Task objective
Restate the whole of the data below word for word, skipping the images.

Information supplied
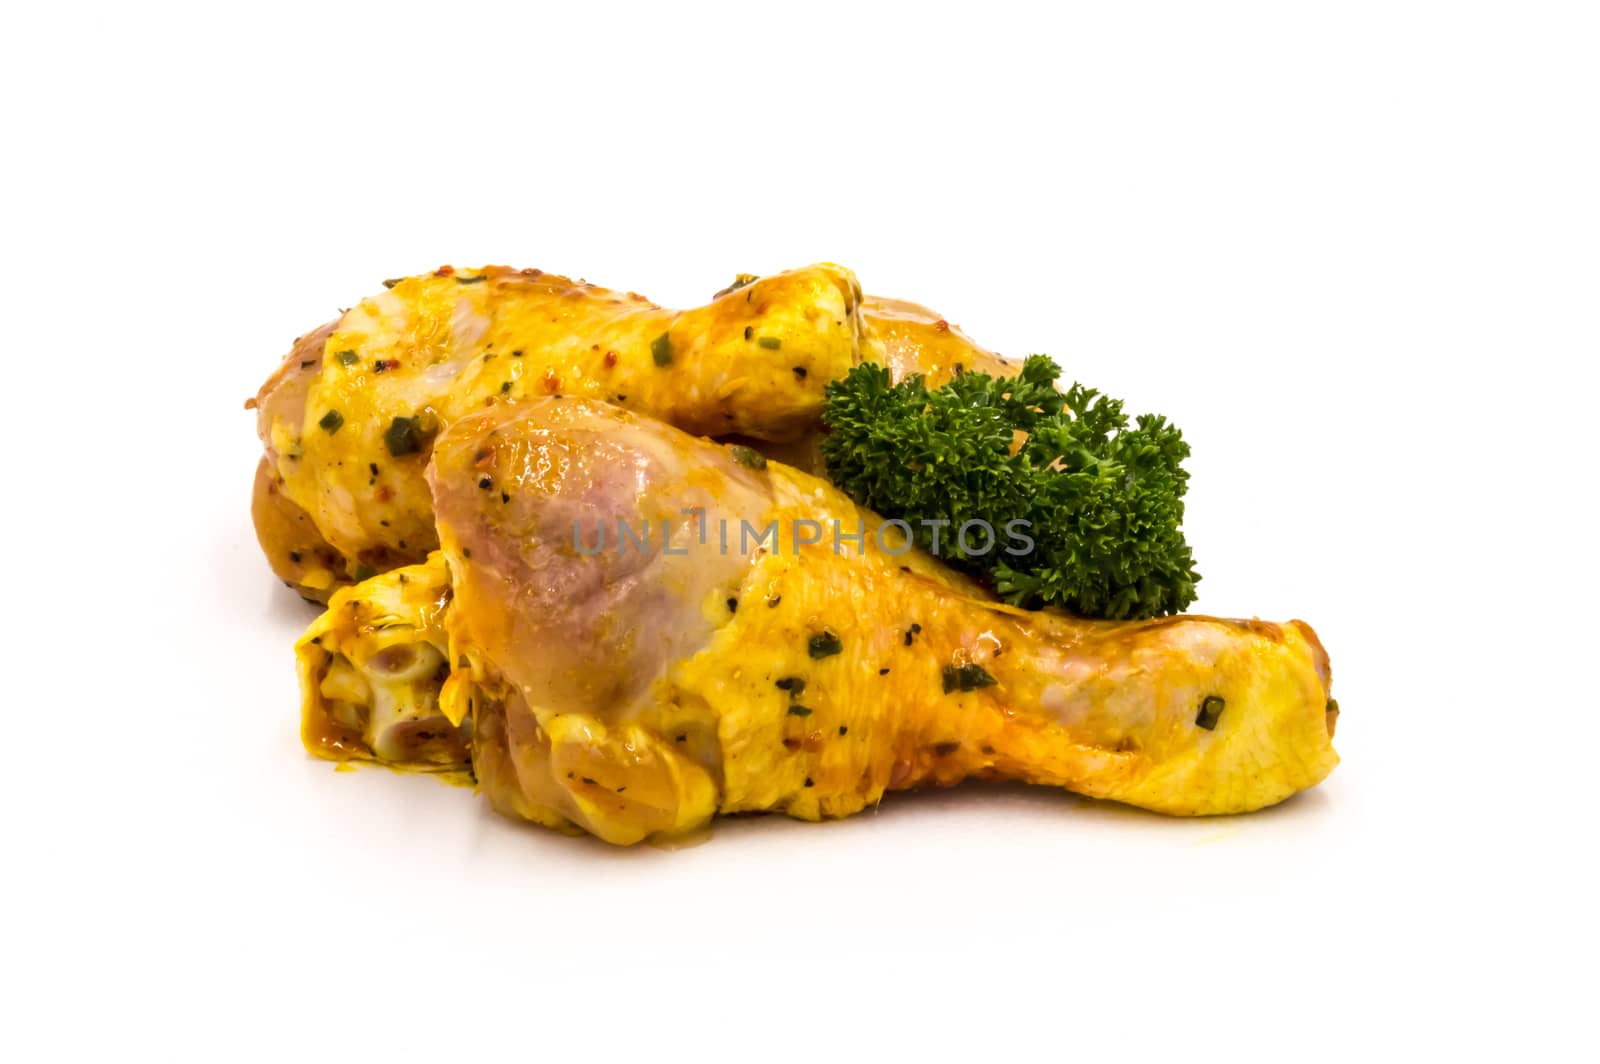 Chicken drumsticks marinate with parsley  by Philou1000
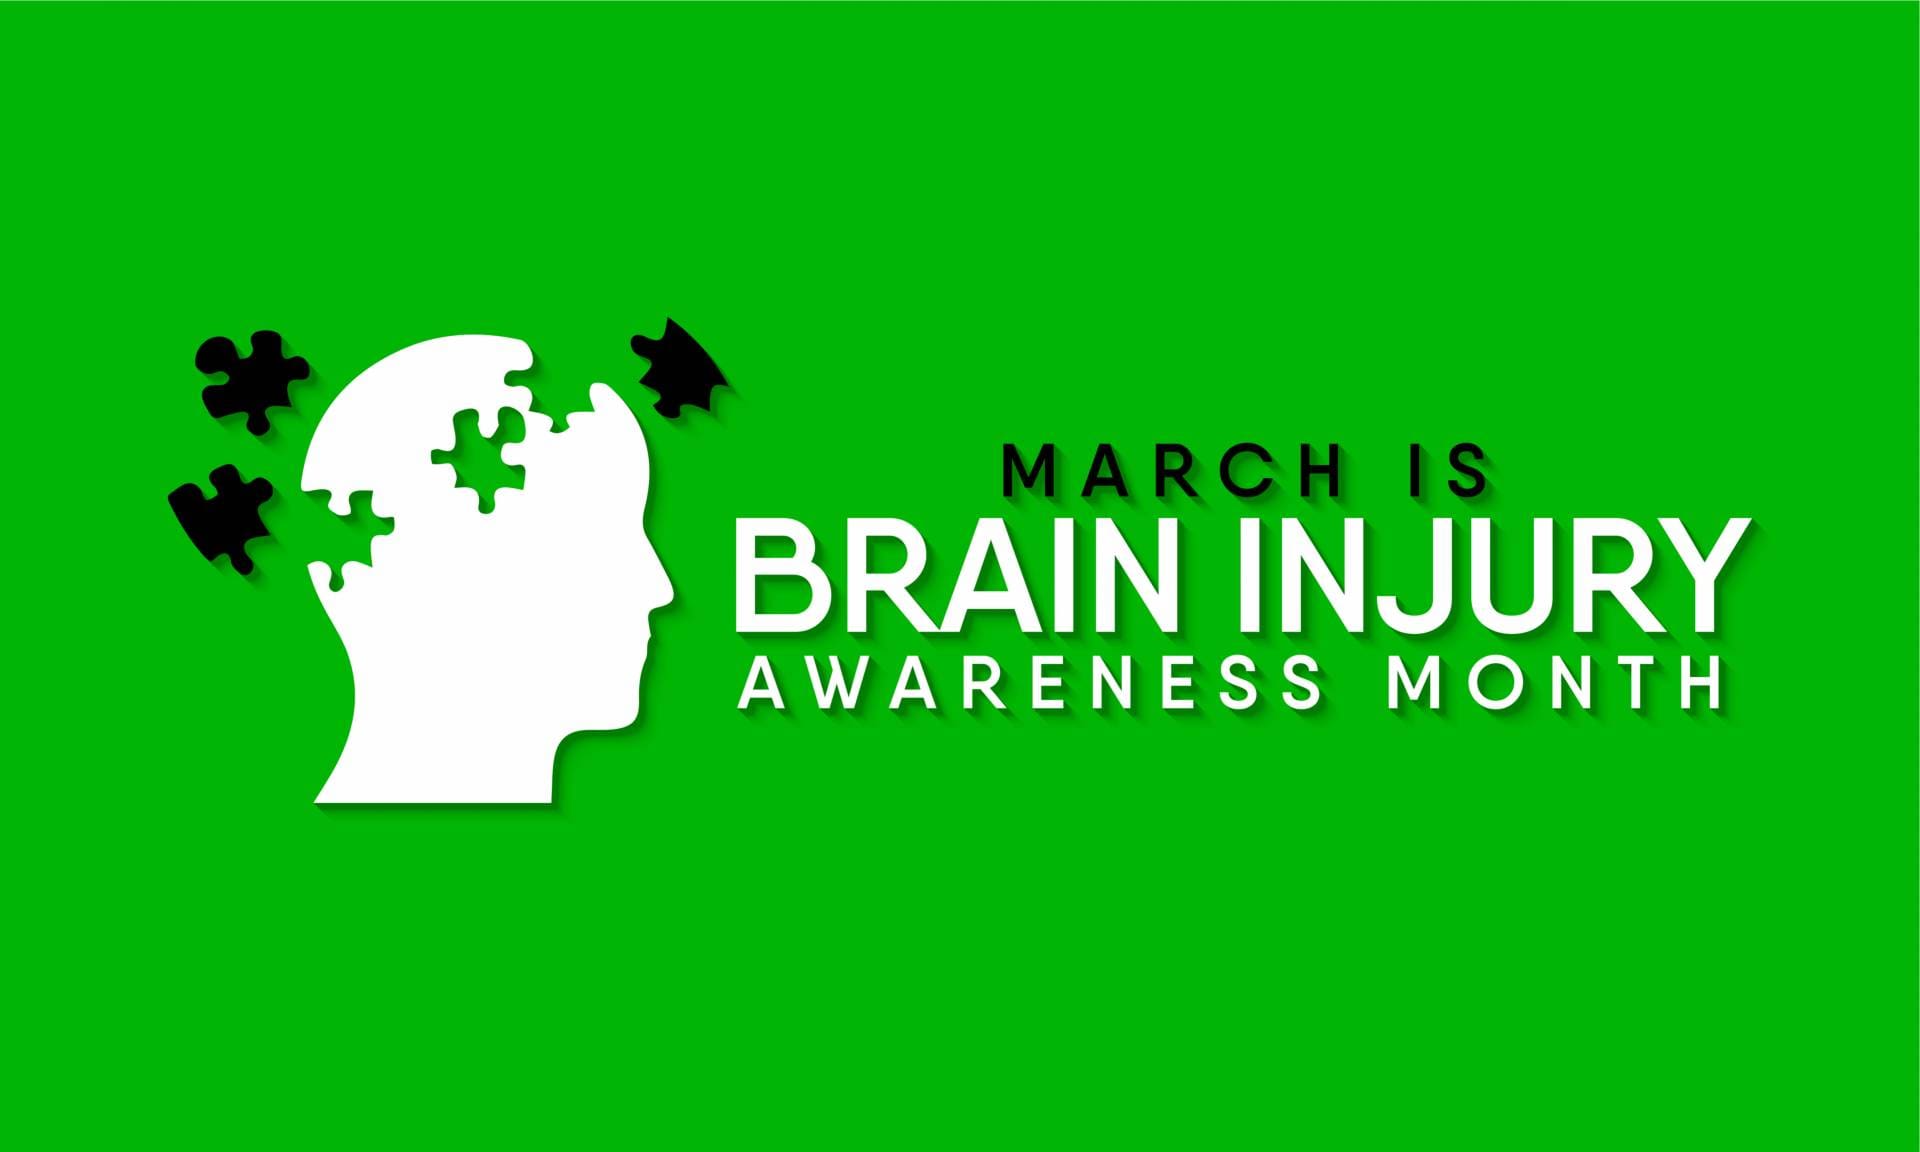 March is brain injury awareness month
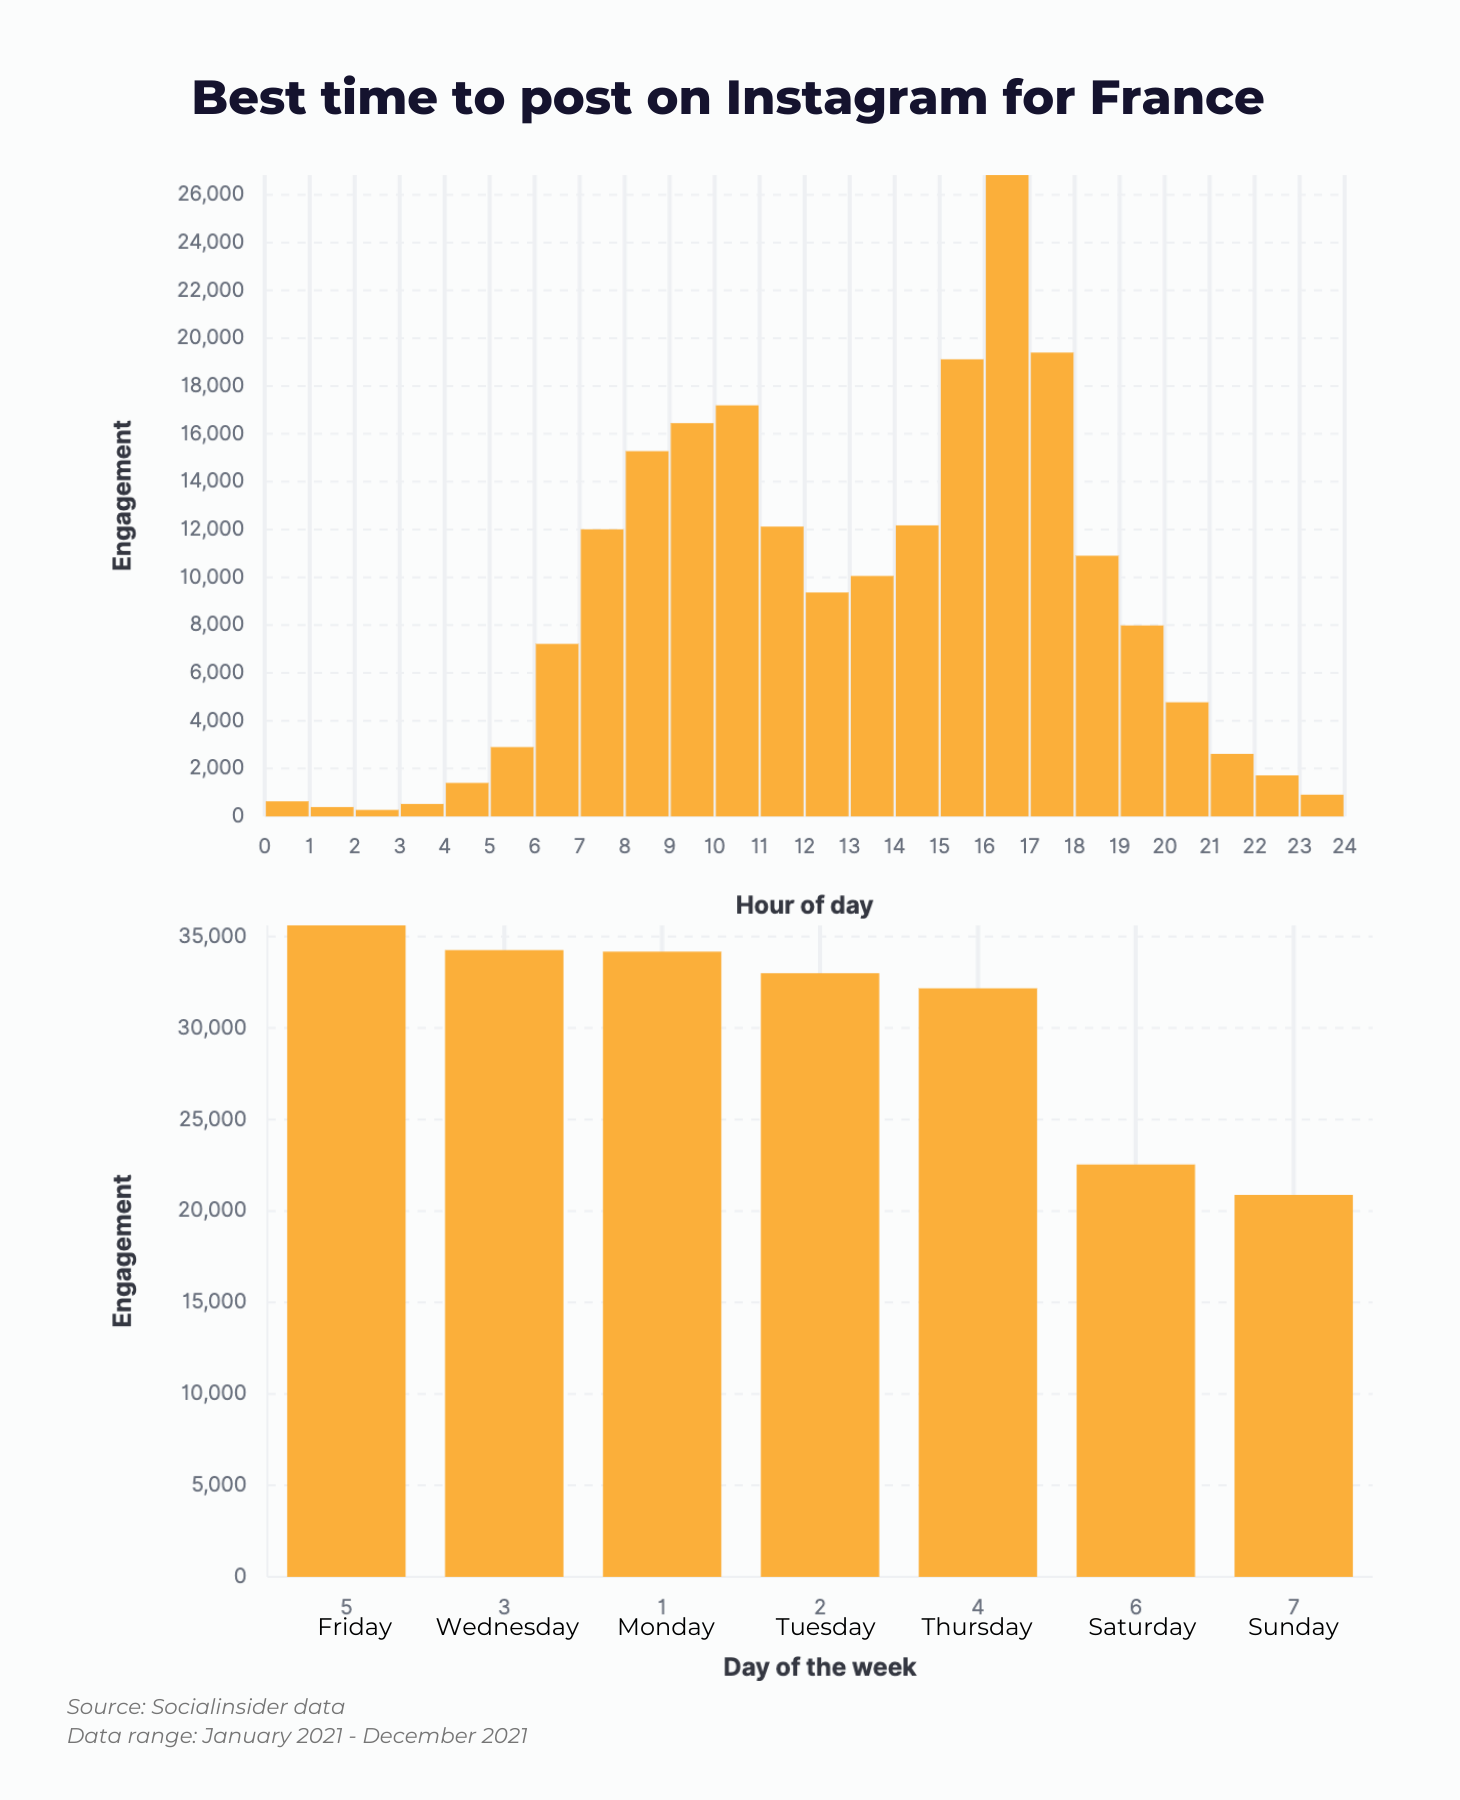 Here is a chart showing what data tells about the best time to post on Instagram for France.

Answer to this problem
 Chicken drumsticks marinate with parsley  by Philou1000
 March is brain injury awareness month
 Here is a chart showing what data tells about the best time to post on Instagram for France.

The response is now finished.